Cards, cards, cards – they all have the same shape and size, they all have a mag stripe on back, similar numbers and date and your name on the front. How different can they be?
I admit, they all have this in common: you can use them to get stuff. Instead of cash. That’s a lot to have in common! But the next level deeper, they can be so different, it’s amazing.
One of the biggest differences is when you pay for the stuff you get with the card. All cards fall into one of three buckets in terms of the “when do I pay” question. The buckets are:
- Pay before. Put money onto the card. Then you can spend it. No money on card, no stuff.
- Pay now. Use the card. Is there money in your account? You get your stuff. The money will be pulled within a day.
- Pay later. Use the card, if you haven’t used it “too much” recently. You’ll eventually have to pay, with interest if you take your time.
Pay before
In the industry, this is usually called a prepaid debit card. There are two categories of these.
The first kind is usually called a gift card. You can see these hanging on racks near the check-out counters of stores.
As you can see, each is worth a certain amount of money at a given retail store.
Some retailers have gotten pretty creative about their card designs, like this one that is supposed to be for millennials:
What if you just want to give money? Now you can do that. For example:
The second kind of pay-before card is usually called a prepaid debit card, but the key thing about it is that it’s rechargeable, which means you can put more money onto any time and use it for any purpose.

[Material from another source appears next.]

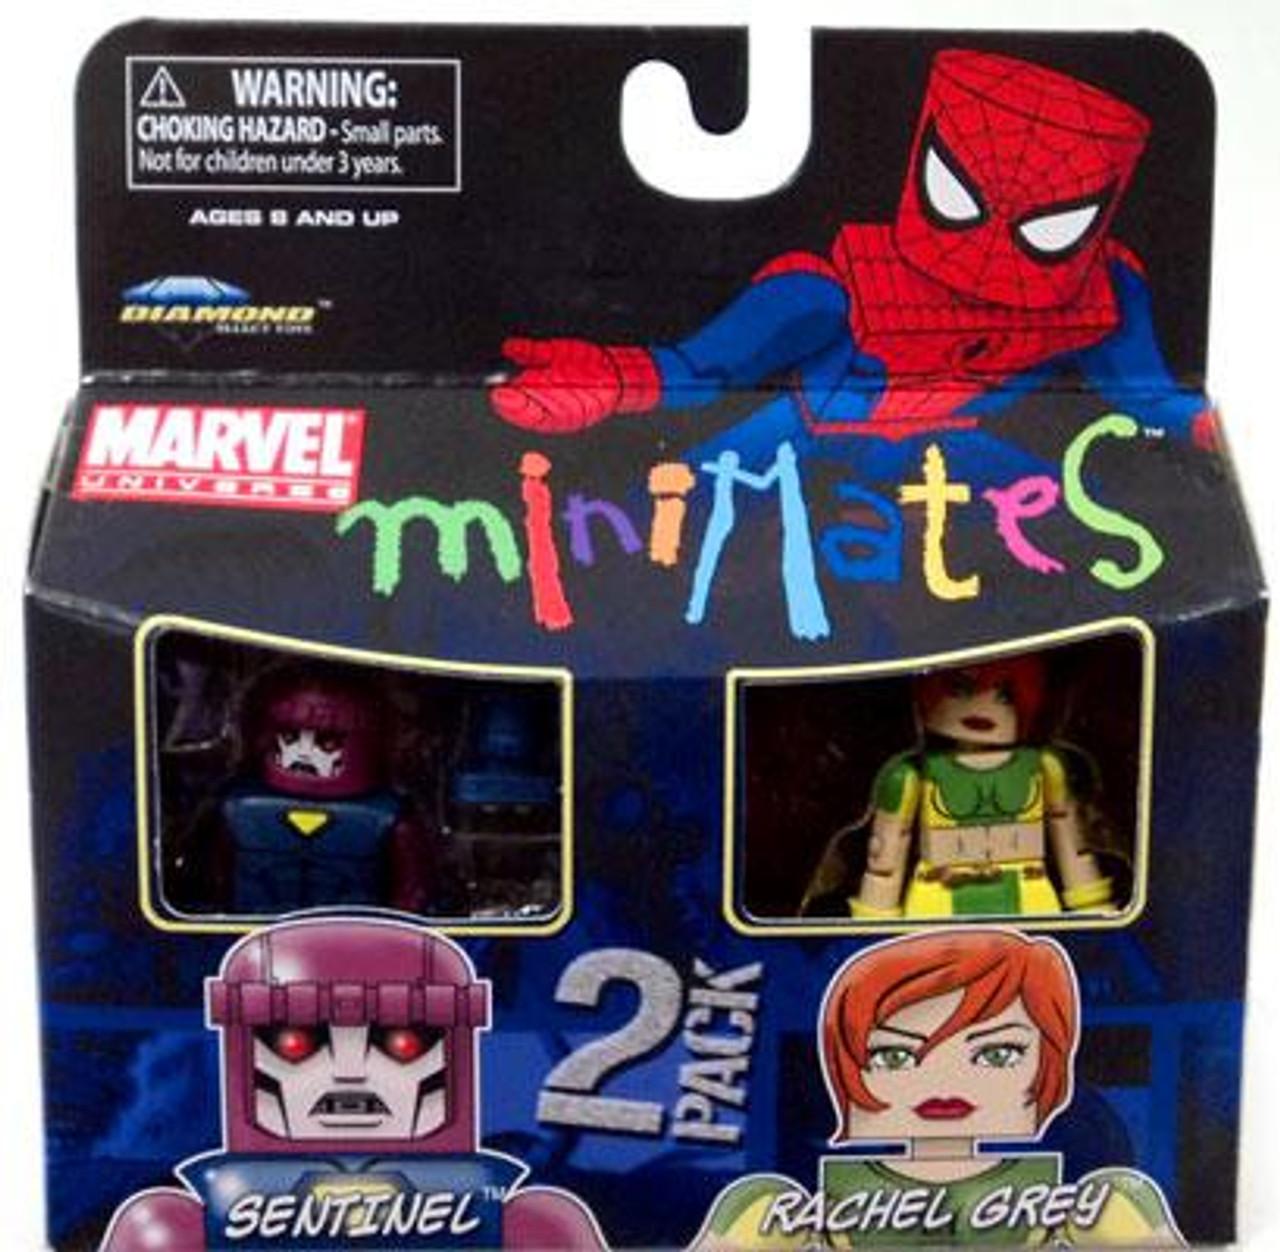 Marvel Universe Minimates Series 33 Sentinel & Rachel Gray [Marvel Girl] Minifigure 2-Pack

Prepaid debit cards normally have substantial fees associated with using them, because it’s the only way the companies doing the processing can make money. They’re not associated with a bank account, so they’re perfect for people who don’t have one.
Of course, technology being what it is, companies have evolved these categories -- some gift cards are now rechargeable.

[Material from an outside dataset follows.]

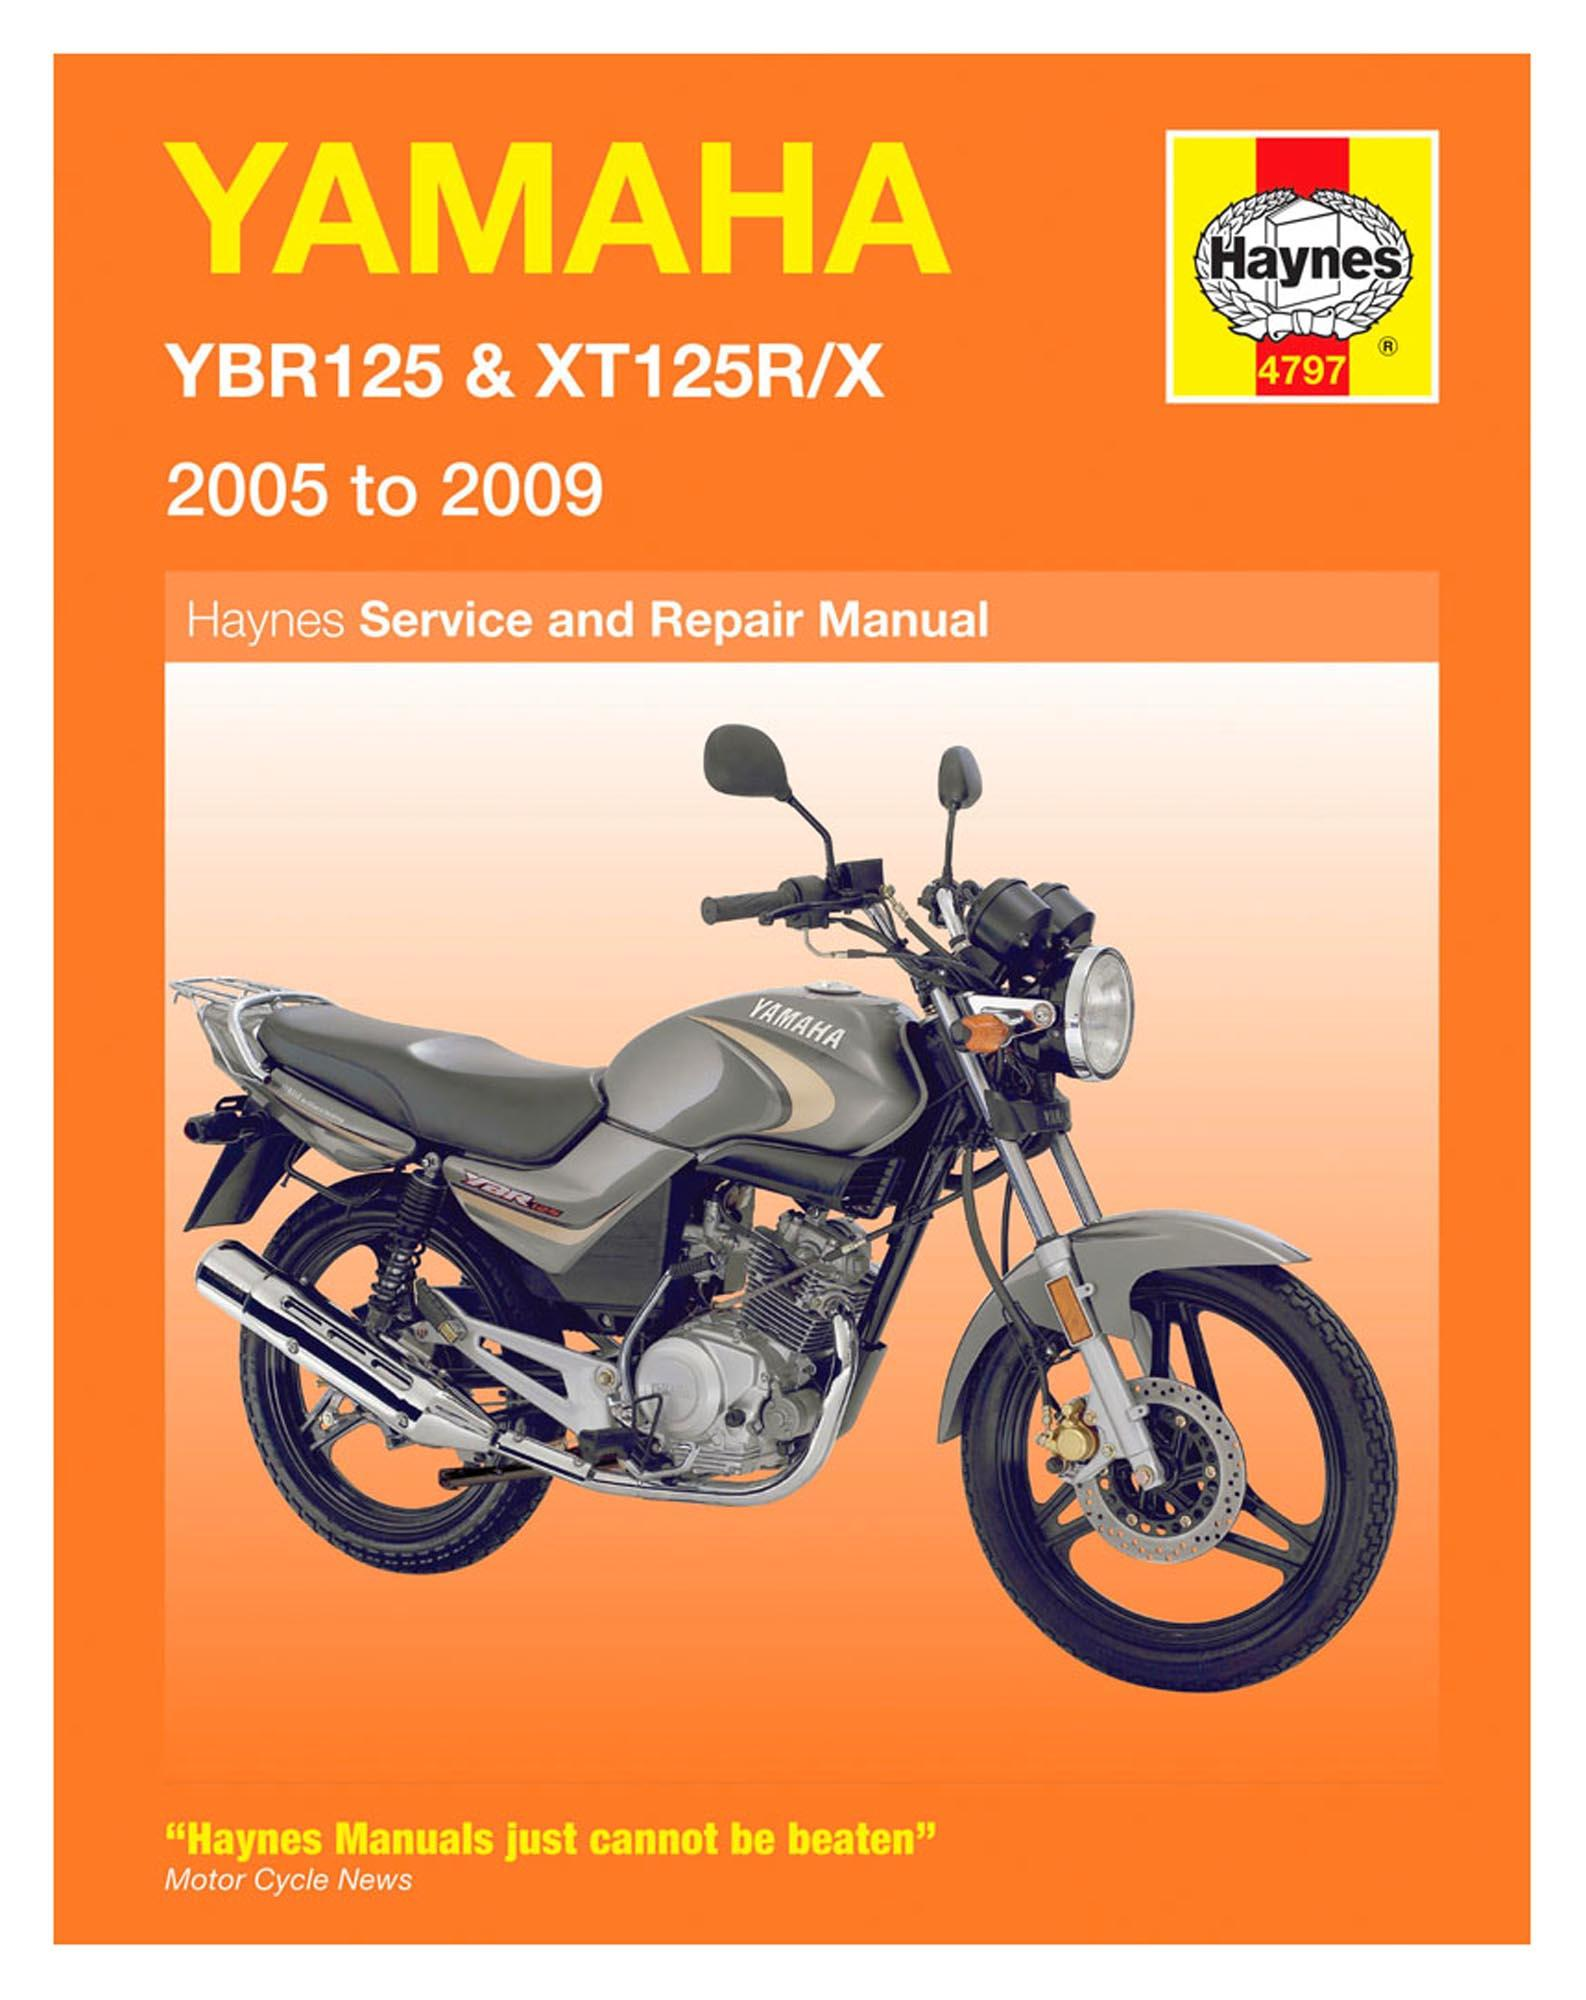 small resolution of yamaha ybr 125 fuse box schematic diagramyamaha ybr 125 fuse box all wiring diagram yamaha ybr

The key thing to understand is that pre-paid debit cards are “debit cards” for technical purposes – but they’re NOT associated with a bank account. That’s what makes them easy to buy. Whether they have a bank account or not, people can use pre-paid debit cards anyplace cards are accepted.
Pay now
The industry calls this a debit card. It’s tied to a bank account. When you use the card, you debit the account, which is normally a checking account.
Depending on how you use the card, the actions and underlying technology can be quite different. If you just tell the system it’s a card, it will usually be treated as an off-line debit card, and the charge will be made to your account overnight. If you admit it’s a debit card, you’ll be asked to enter the PIN, just as though you were at an ATM. This is usually called PIN debit. The money is immediately removed from your account.
Pay later
Finally we get to the credit card. It’s a credit card because when you use it, someone is giving you credit for the amount you charge, and will expect you to pay the money back. You are welcome (sometimes encouraged) not to pay on time, because then you have to pay interest on the loan you’ve taken out. Unlike a home mortgage, which is “fixed” credit, the credit card is “revolving” credit, because the money going in and out is like going through a revolving door.
When you swipe a debit card, your bank account is checked to see if there’s enough money to cover the charge or the cash. When you swipe a credit card, your revolving credit line is checked to see if there’s enough credit to loan you enough money to cover the proposed purchase.
Summary
Using a card always involves money. But whether the money is already out of your pocket, comes out when you use the card, or whether it’s a bill you’ll eventually have to pay makes a large difference to you, which is reflected in a large difference in what happens behind the scenes.